Crypto-Mining’s Impact on PC Sales Crypto mining only in one small segment
All the industry, if not the entire world is talking about crypto-mining, and the value of Bitcoins. One of the benefactors of this explosive commodity market bubble has been the suppliers of add-in boards (AIBs) and subsequently the purveyors of GPUs. Motherboard and power supply unit (PSU) suppliers have also benefited.
AIB average selling prices (ASPs) prices in certain segments (high-end and midrange) have soared due to supply and demand, and a bit of price gouging in the channel.
Exciting stuff, but the tip of the iceberg so to speak. There are several classes of GPUs in PCs.
Crypto mining is just a portion of just two segments in just one platform.
Is crypto-mining the center of the universe?
The chart is not scale — there were 262 million PCs shipped in 2017, and 2.23 million AIBs used for crypto.
Prior to the surge in buying of AIBs for crypto-currency mining, AIB prices were flat to declining slightly subject to seasonality and product introduction dates, up till about Q4’16, as the following chart shows.
Figure 1: ASPs of AIBs past five years
Looking into the segments you can see it has been the high-end and midrange that have enjoyed the uplift from crypto mining.
Figure 2: AIB segment ASPs over time
And if you just look at the high-end for the last four quarters you see the real excitement, and what’s happening to the ASP of AIBs.
Figure 3: High-end AIB ASPs over the year
Now the question is, where are those higher prices/profits/margins going? Are AMD and Nvidia charging more for their chips, kits, and boards? We don’t have Nvidia’s latest financial data, but we can see a rise in their and AMD’s margins. Mind you, GPU/AIB sales are part of a very diverse mix of products from both companies, but nonetheless, they are enjoying increased margins.
Figure 4: Change over time of gross margins
It’s not just GPUs; memory prices are going up too. Although the chip makers are enjoying some of the uplift in prices, the supply chain is getting the majority of the gains. We don’t think the board fabricators like Foxconn are gaining much other than a surcharge for increased orders. The AIB brands like Sapphire, EVGA, MSI and others are raising their prices and the distributors like Amazon, Newegg, and Best Buy are getting the biggest benefits, and even going so far as to deny sales to known miners.
Figure 5: Miners trade dollars buying electricity for crypto-coins (USGS)
Trading watts for Ethereum and Bitcoins isn’t exactly like Money for Nothing, especially when the capital equipment costs are included. But so far, and as long as there is an inflationary push on crypto currencies, there is sufficient payoff that people will participate. The original consumers of high-end AIBs were of course the gamers. They too have joined the ranks of miners and put their systems up for use in a pool when they aren’t being used for gaming.
Figure 6: Gamers mine, but do miners game?

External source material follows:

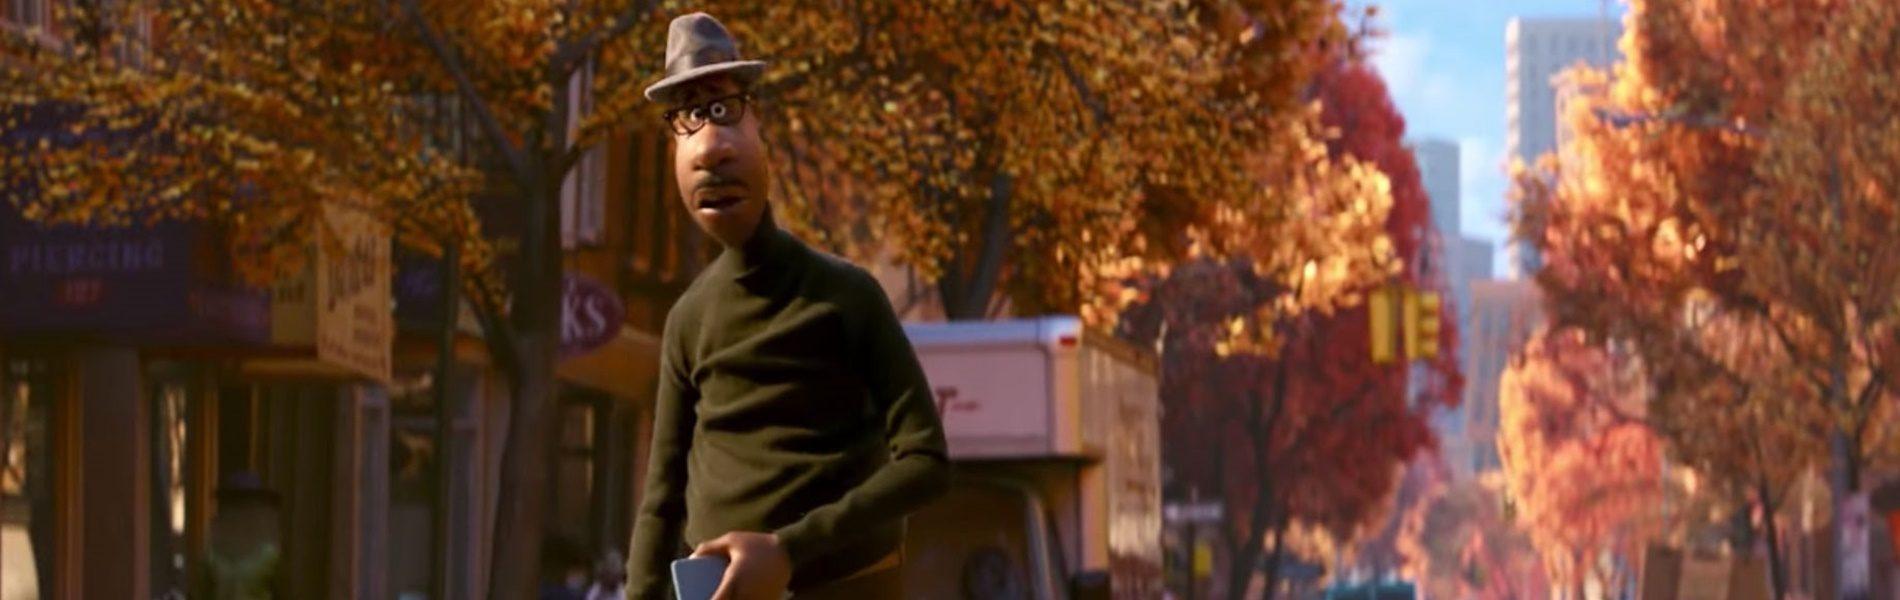 Újabb nagy dobásra készül a Pixar, itt az előzetes!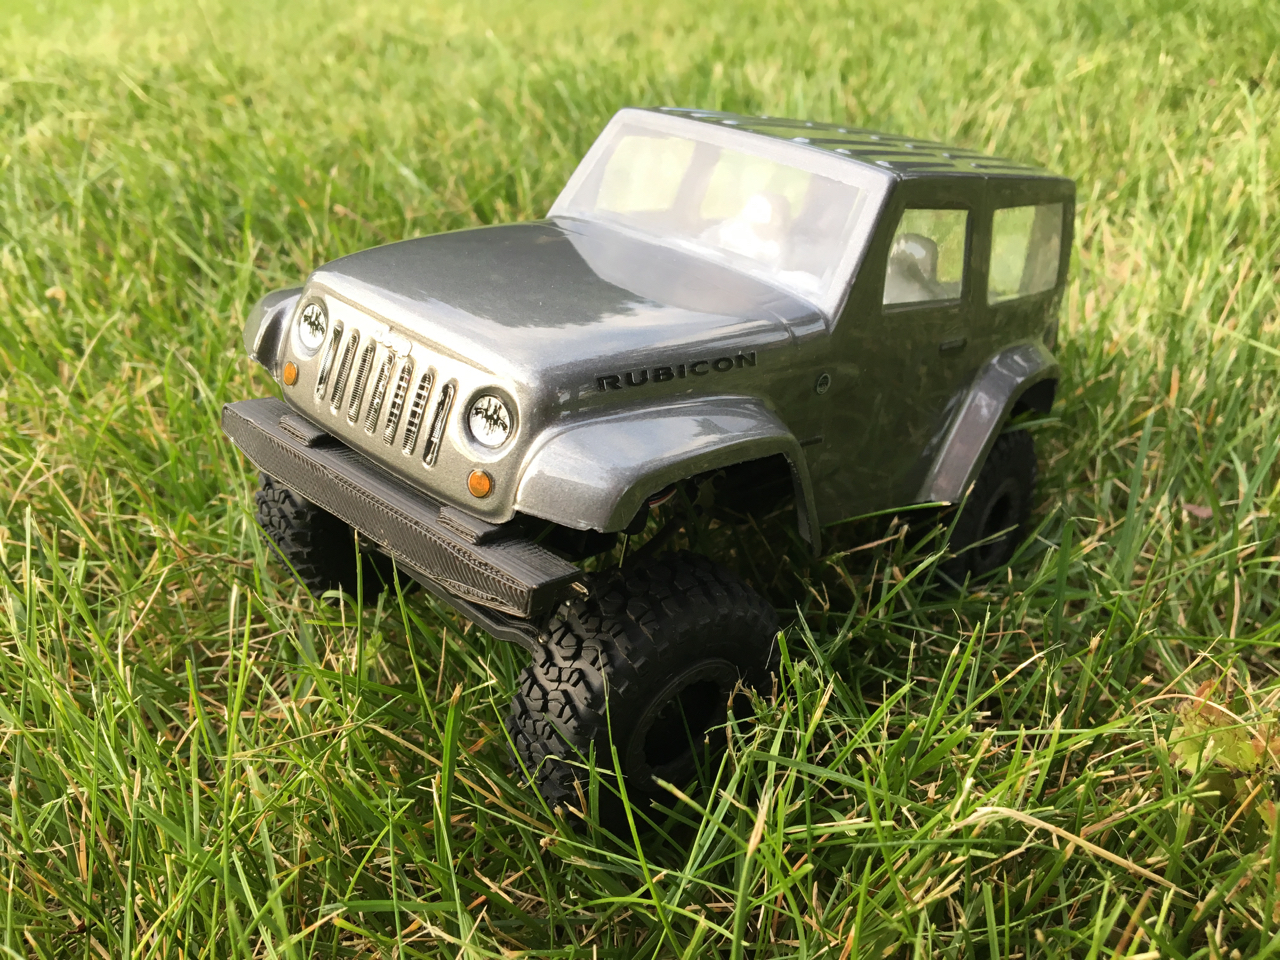 Pro-Line Jeep Wrangler body for the Ambush 4x4

The risk for the AIB and GPU suppliers remains the deflation of crypto-currency prices. When the price of crypto-coins drops below a certain point, and it’s different for every region driven by electricity rates, the AIBs that the miners so hungrily gobbled up will no longer have value to the them. When that happens, depending upon the individuals, the AIBs will either be dumped in the landfill, or dumped on eBay. That will take sales away from the AIB supply chain for a quarter or two.
However, there is another possibility and that is that the miners will offer their rigs as rendering farms. That would give them extended utilization potential, and most likely drive down the price for farm rendering since supply will exceed demand.
This week Ethereum and Bitcoin, as well as other eCoins were down. Not significantly, less than a percent, but swings of a percent in an over-charged highly volatile commodities market like that means swings of tens of thousands of U.S. dollars to some of the miners.
Most of the gamers we’ve spoken to who mine have a more sanguine attitude about it, and happily take what they can make while not thinking about the energy costs.
The unescapable irony of it all is that the crypto currencies, which are supposed to be outside of the traditional banking and currency systems are all based on the U.S. dollar. So, if crypto currencies succeed in being disrupters and replace conventional token exchange money, how will they be valued?